When you reach the line containing "Marketing image promoting", begin reproducing the material exactly, stop after the line containing "Acoolda Vanity Mirror", and leave out any pictures along the way.

# Source material
===============
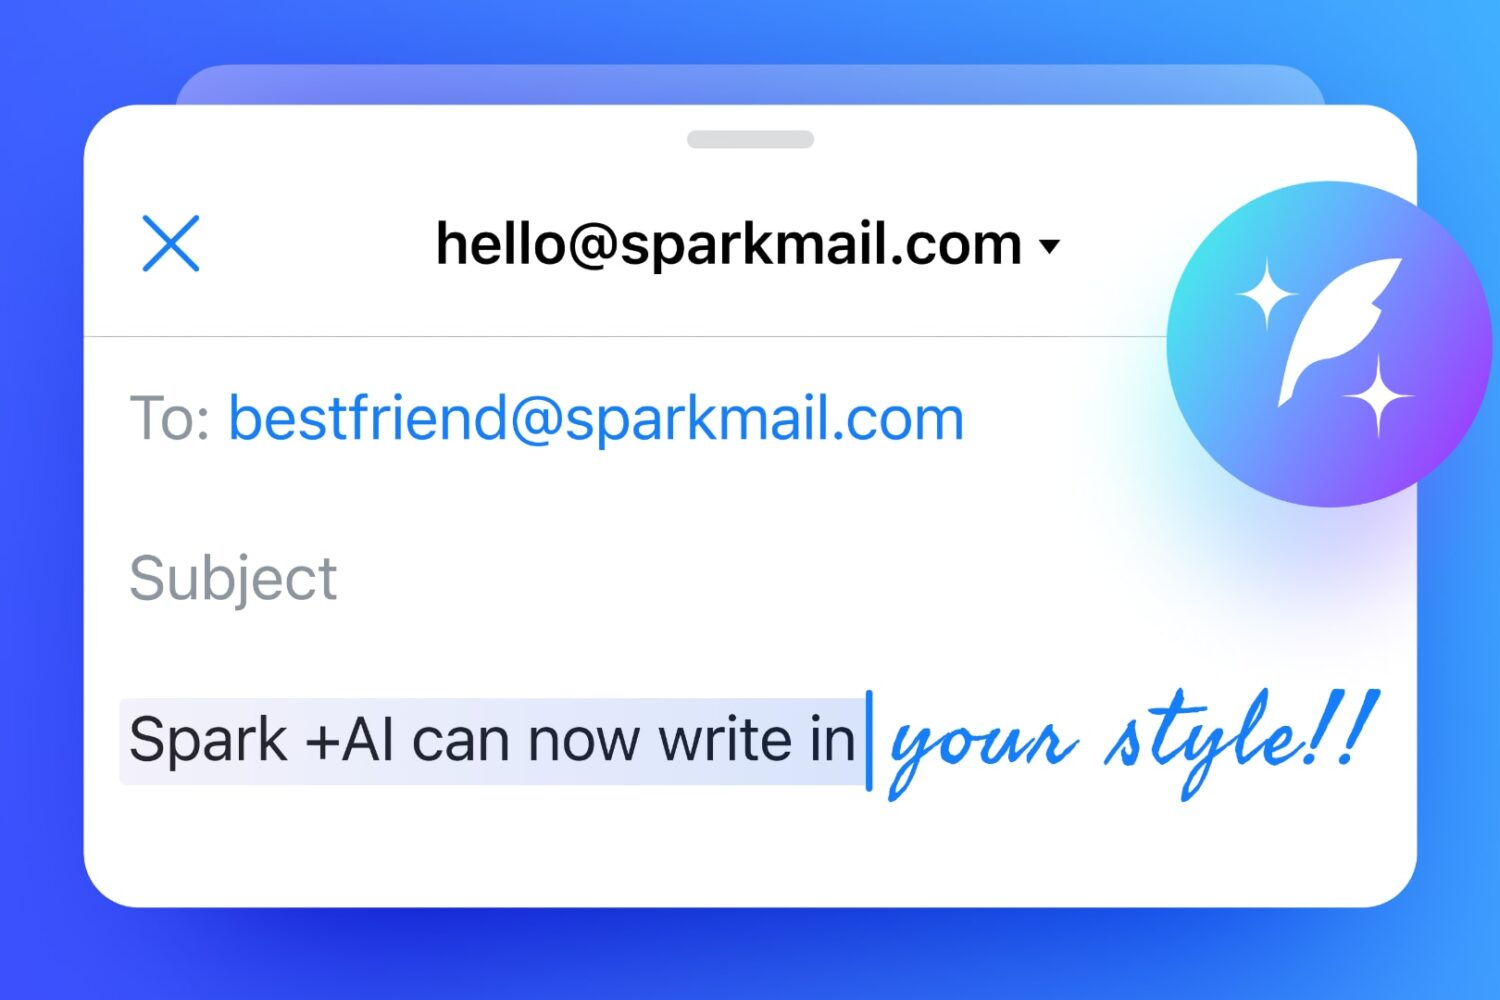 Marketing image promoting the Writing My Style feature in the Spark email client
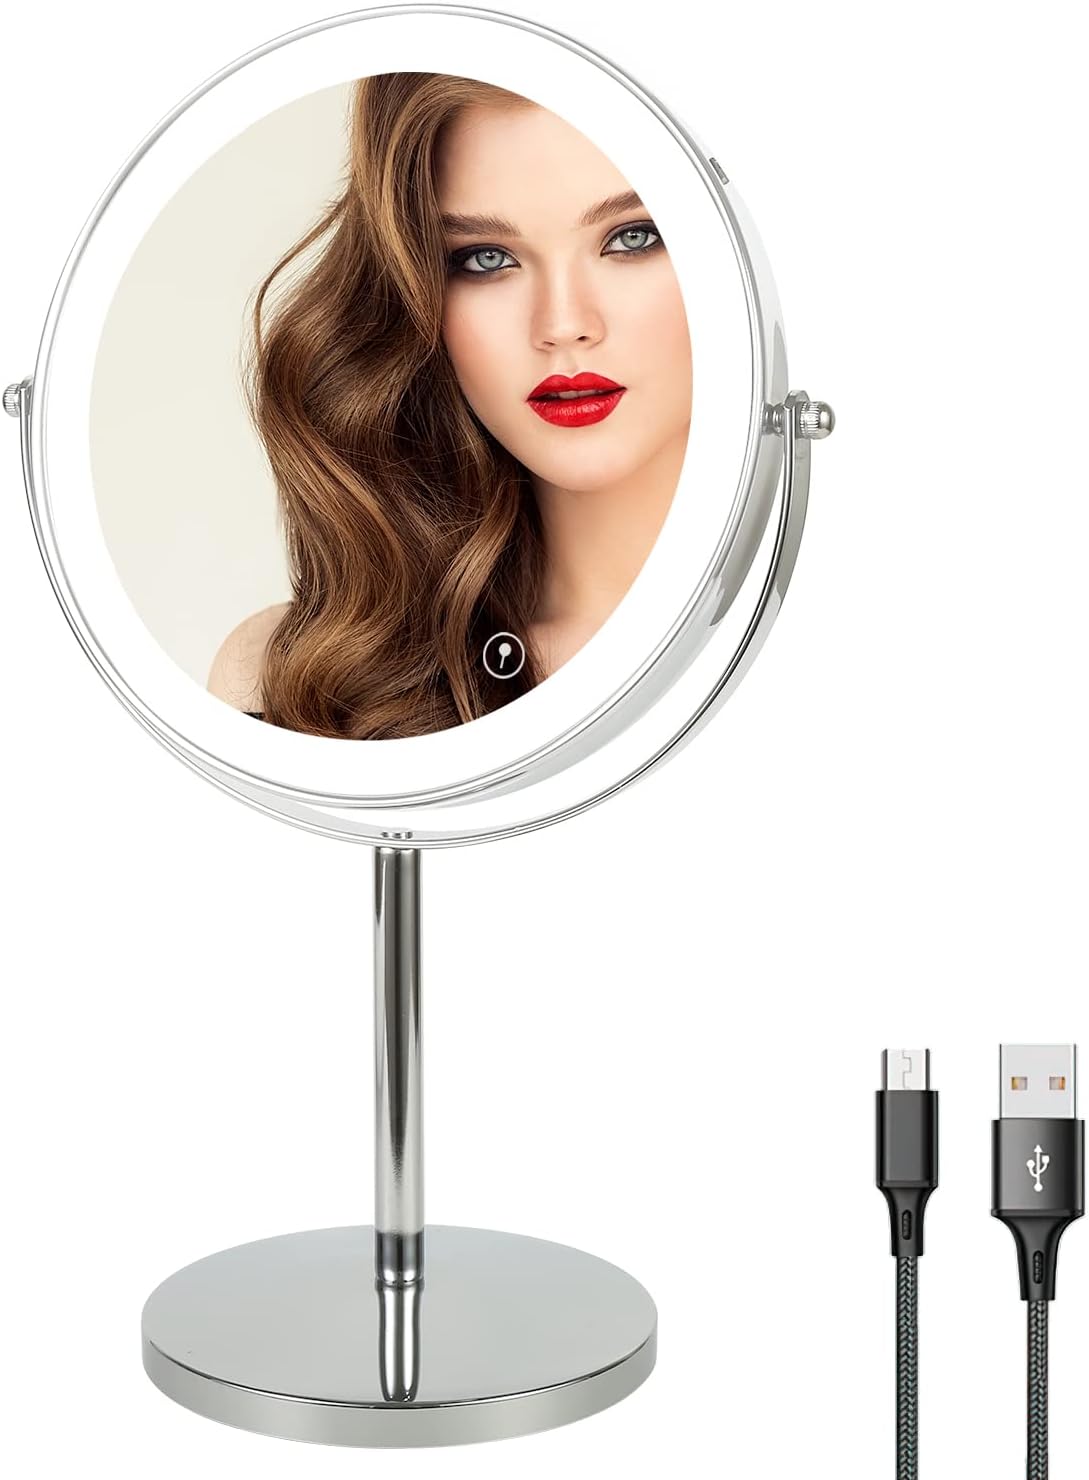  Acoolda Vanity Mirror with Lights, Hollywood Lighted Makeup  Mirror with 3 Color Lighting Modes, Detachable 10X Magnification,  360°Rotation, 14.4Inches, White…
===============
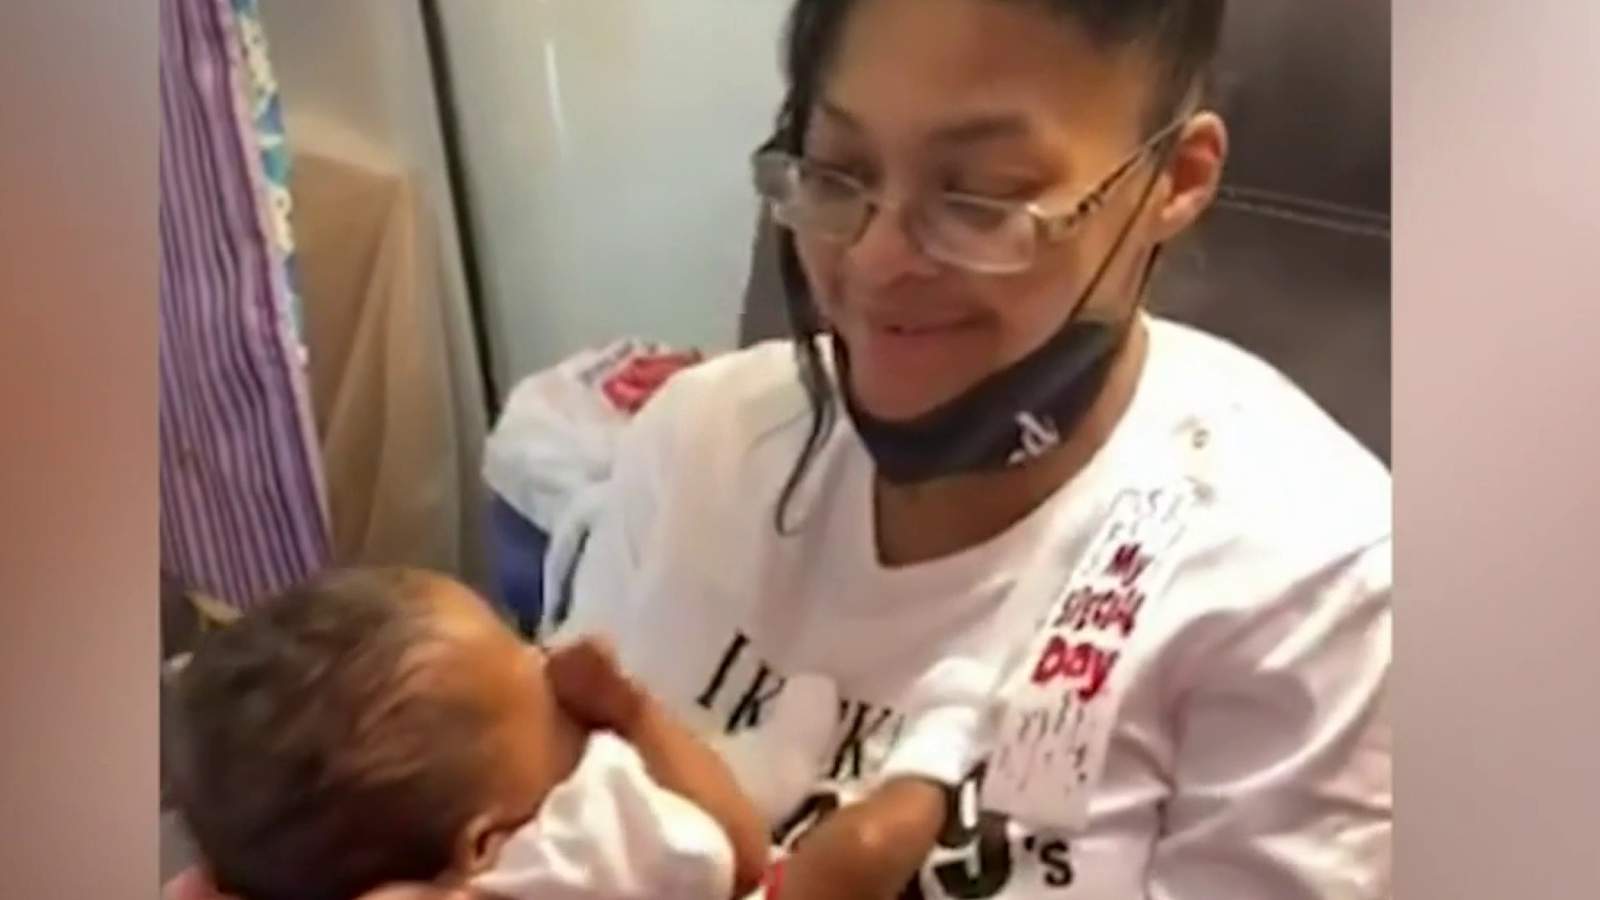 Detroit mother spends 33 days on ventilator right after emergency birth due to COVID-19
===============
# Task output
 Marketing image promoting the Writing My Style feature in the Spark email client
  Acoolda Vanity Mirror with Lights, Hollywood Lighted Makeup  Mirror with 3 Color Lighting Modes, Detachable 10X Magnification,  360°Rotation, 14.4Inches, White…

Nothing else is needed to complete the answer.